- Date: 25–31 March
- Edition: 4th
- Surface: Clay
- Location: São Leopoldo, Brazil

Champions

Singles
- Daniel Vallejo

Doubles
- Marcelo Demoliner / Orlando Luz
- ← 2022 · São Léo Open · 2026 →

= 2024 São Léo Open =

The 2024 São Léo Open was a professional tennis tournament played on clay courts. It was the fourth edition of the tournament which was part of the 2024 ATP Challenger Tour.
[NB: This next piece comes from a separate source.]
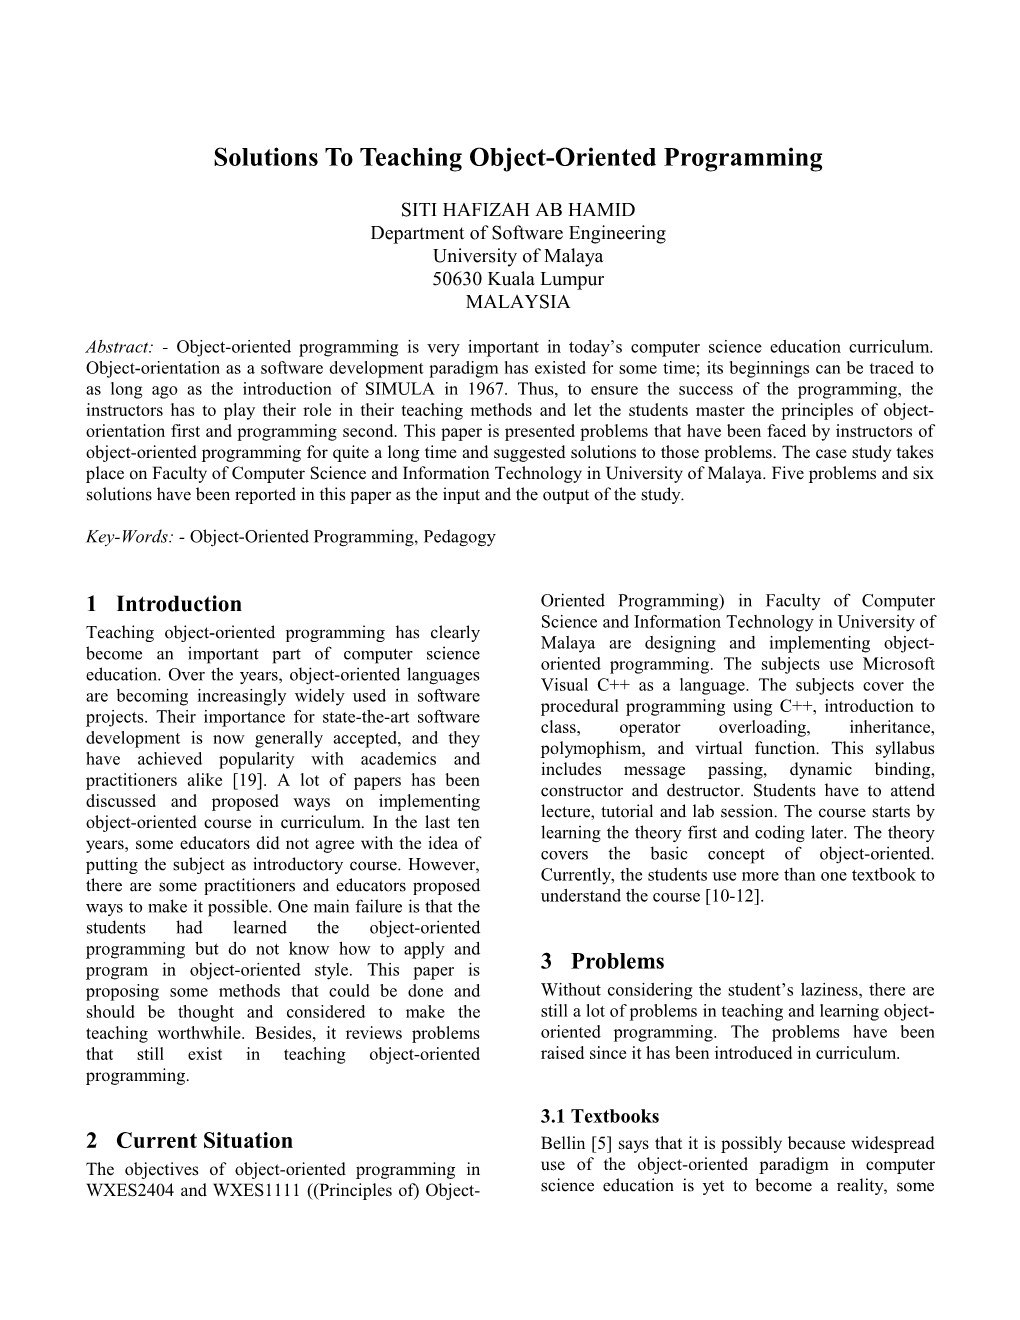 Solutions to Teaching Object-Oriented Programming

It took place in São Leopoldo, Brazil between 25 and 31 March 2024.

==Singles main-draw entrants==
===Seeds===

| Country | Player | Rank^{1} | Seed |
|---|---|---|---|
| PER | Juan Pablo Varillas | 95 | 1 |
| BRA | Thiago Monteiro | 110 | 2 |
| ARG | Camilo Ugo Carabelli | 112 | 3 |
| BRA | Felipe Meligeni Alves | 134 | 4 |
| ARG | Román Andrés Burruchaga | 161 | 5 |
| ARG | Genaro Alberto Olivieri | 185 | 6 |
| FRA | Geoffrey Blancaneaux | 220 | 7 |
| POR | Gonçalo Oliveira | 224 | 8 |
| BRA | Gustavo Heide | 225 | 9 |

- ^{1} Rankings are as of 18 March 2024.

===Other entrants===
The following players received wildcards into the singles main draw:
- BRA Mateus Alves
- BRA Daniel Dutra da Silva
- PAR Daniel Vallejo

The following players received entry into the singles main draw as alternates:
- Bogdan Bobrov
- BRA Orlando Luz
- ESP Carlos Sánchez Jover

The following players received entry from the qualifying draw:
- ISR Daniel Cukierman
- ECU Emilio Gómez
- USA Bruno Kuzuhara
- ARG Lorenzo Joaquín Rodríguez
- ARG Juan Bautista Torres
- JPN Kaichi Uchida

The following player received entry as a lucky loser:
- ARG Gonzalo Villanueva

==Champions==
===Singles===

- PAR Daniel Vallejo def. FRA Enzo Couacaud 6–3, 6–2.

===Doubles===

- BRA Marcelo Demoliner / BRA Orlando Luz def. CAN Liam Draxl / ITA Alexander Weis 7–5, 3–6, [10–8].